One-pot microwave mediated growth of heterostructured ZnO@AlSi as a potential dual-function eco-catalyst for treating hazardous pollutants in water resources.

Abstract

Dual function, eco-catalyst material had been designed with nano ZnO@aluminosilicate mineral (ZnO@AlSi) and processed via microwave assisted in situ intercalation and crystal growth reactions. Dual function of ZnO@AlSi was confirmed by the simultaneous adsorption and UV photoreduction of carcinogenic Cr(VI) to non-toxic Cr(III) and photooxidation of phenol and methylene blue dye (MB); a co-existed model system was simulated and prepared together in laboratory conditions. Single phase nano ZnO and ion exchanged AlSi layered silicates were also separately prepared for comparisons with ZnO@AlSi system. All these materials were characterized for BET, DLS, TGA, SEM, TEM, UV-visible and fluorescence spectrophotometry to analyze structural, thermal, morphological, and optical properties. It was seen that the inherent silicate layered structure significantly restricted the growth of ZnO, resulting in mesoporous, UV-active ZnO@AlSi heterogeneous nanocatalyst.
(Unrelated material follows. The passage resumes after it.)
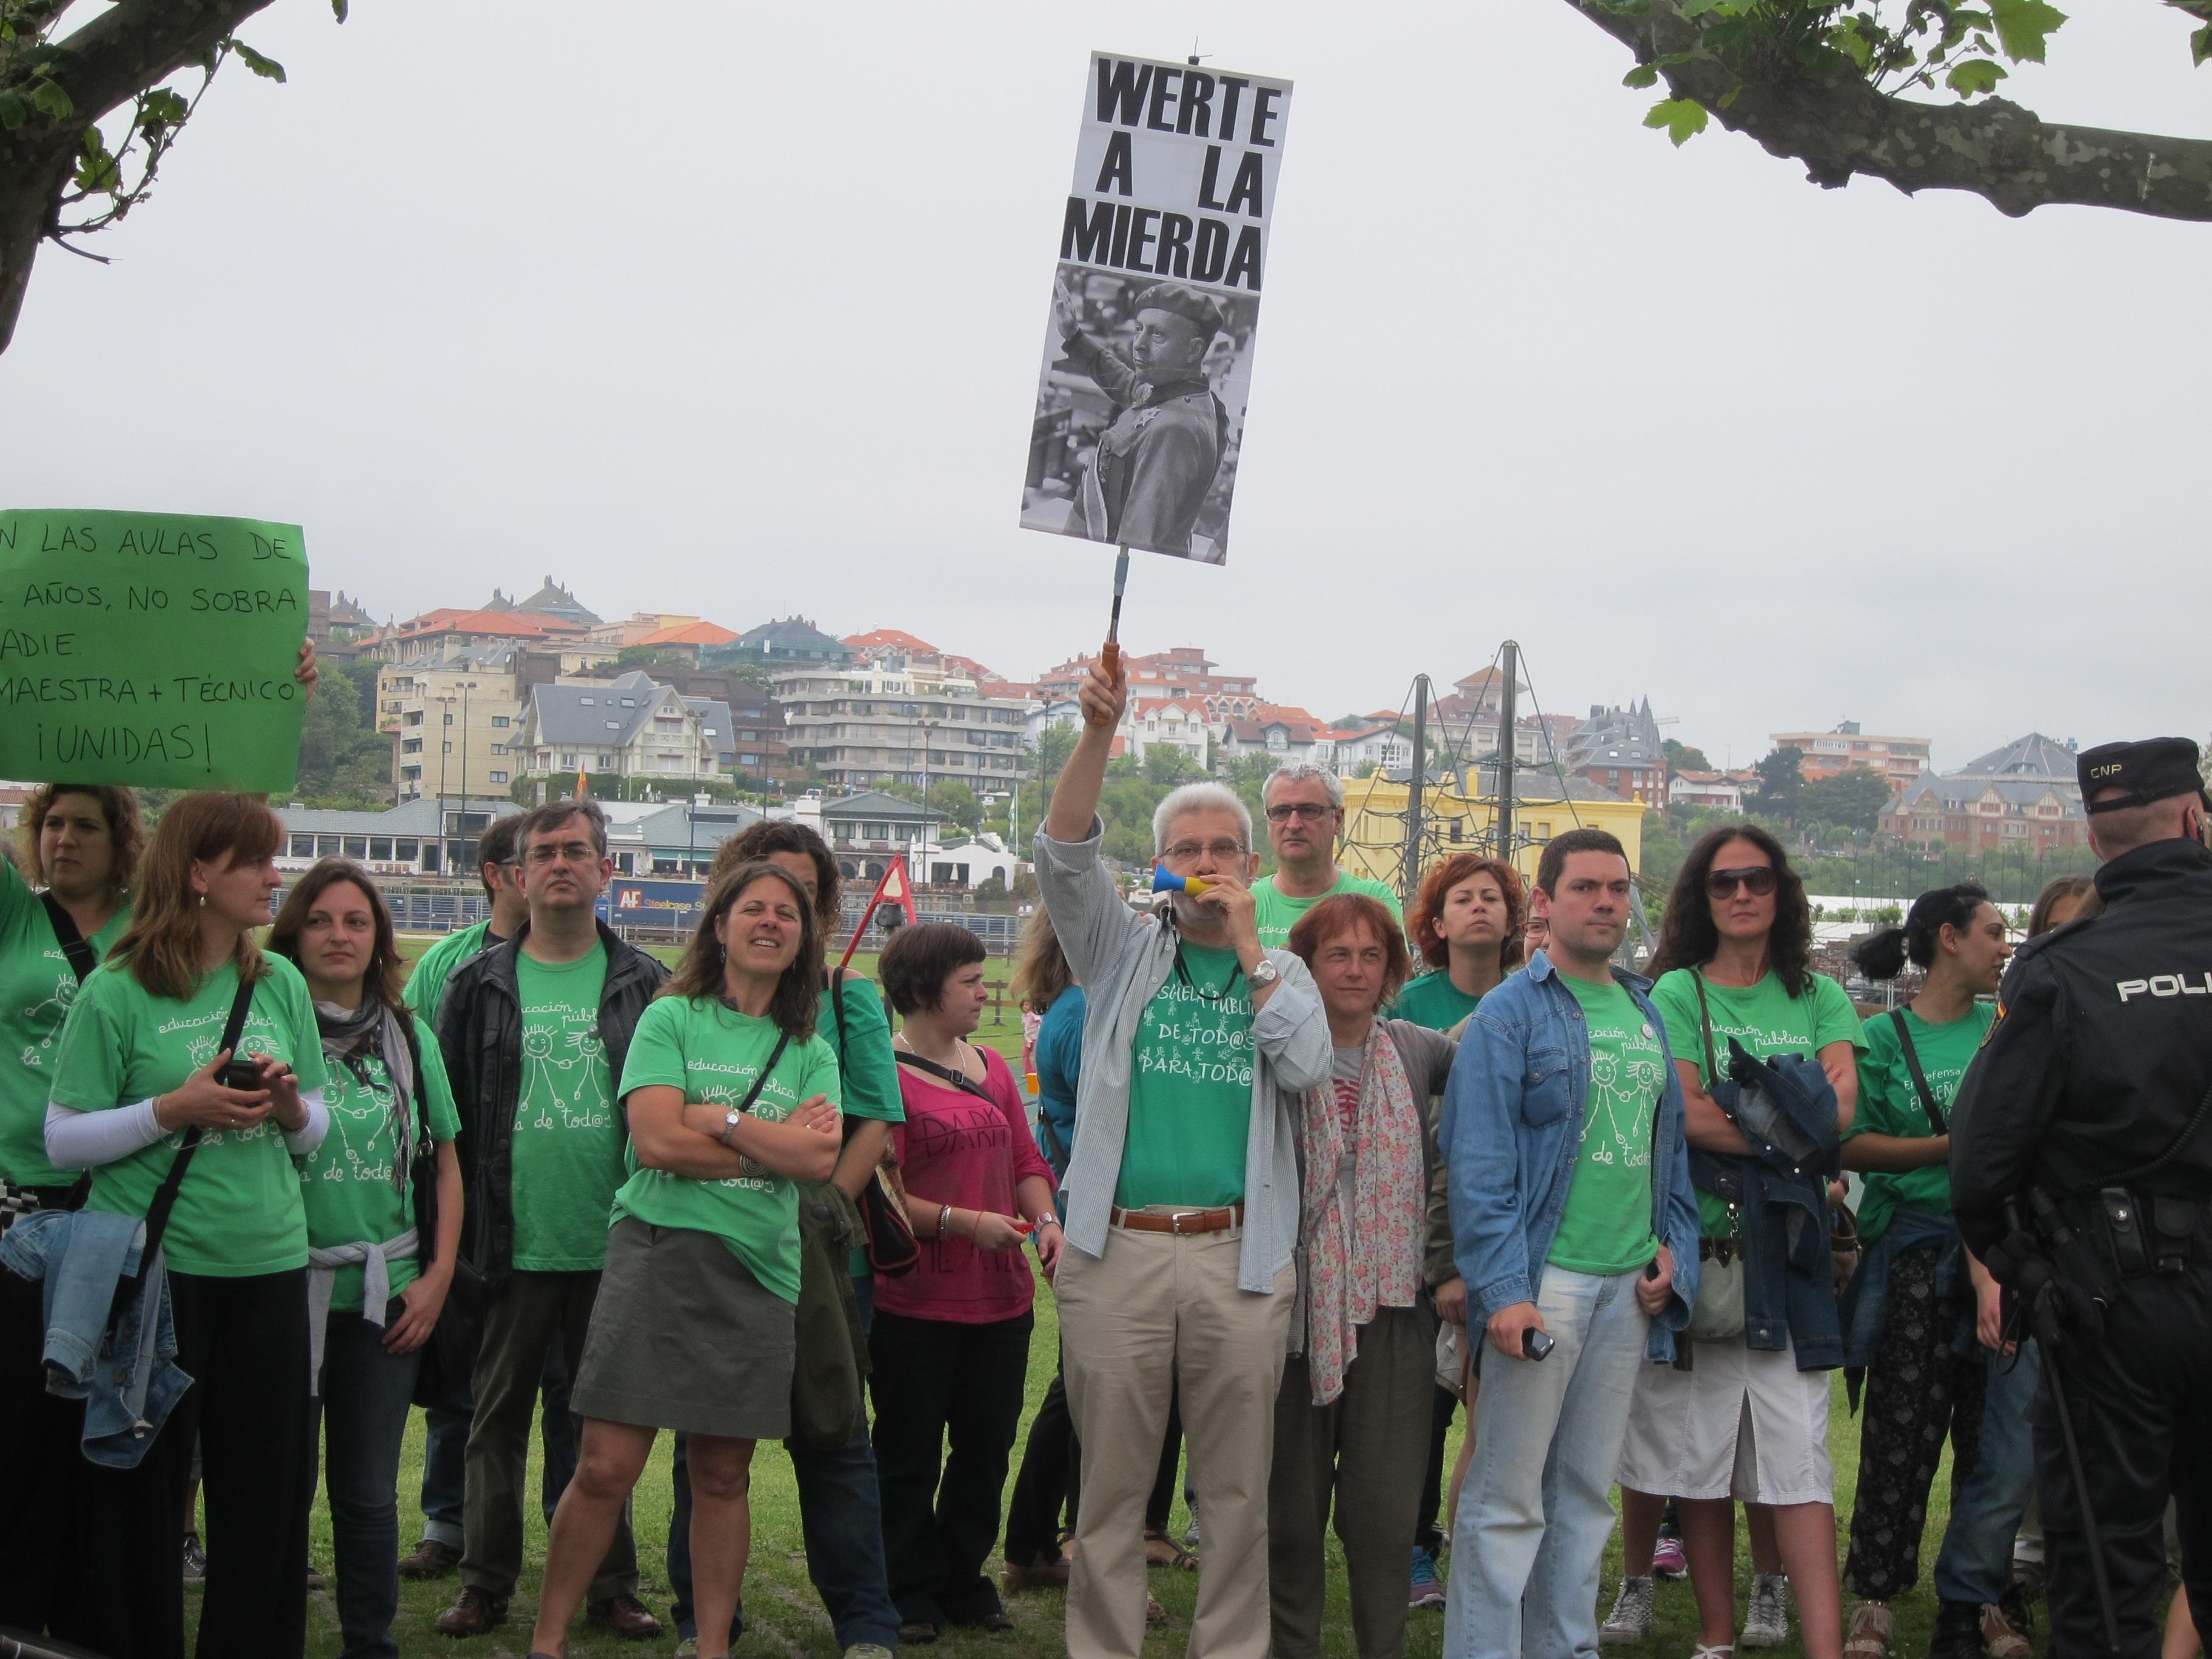 Un centenar de personas reciben a Wert con pitidos y abucheos y reivindican la educación pública

An effective adsorption of Cr(VI), phenol and MB to the extent of 99% and the transformation of Cr(VI) to Cr (III) through photoreduction, and decomposition of phenol and MB by photooxidation followed by mineralization were achieved at once. This synergic adsorption and photodecomposition effects could not be found together in single phase nano ZnO as well as ion exchanged AlSi system. The kinetic photo-experiments indicated that reduction of Cr(VI) and degradation of phenol and MB by ZnO@AlSi followed Langmuir-Hinshelwood first-order kinetic model. The investigation of ZnO@AlSi at Cr(VI)/phenol and Cr(VI)/MB binary systems displayed high decontamination performance of ZnO@AlSi than in single pollutant system due to the arresting of electron-hole pair recombination via consuming both the members in separate redox half-reactions. Alternatively, life time of catalyst was found decreased in organic-inorganic pollutant system compared to single component systems. In summary, a dual function catalyst was designed through a facile technique and validated for the cost-effective removal and decomposition of organic and inorganic pollutants simultaneously in the complex waste water.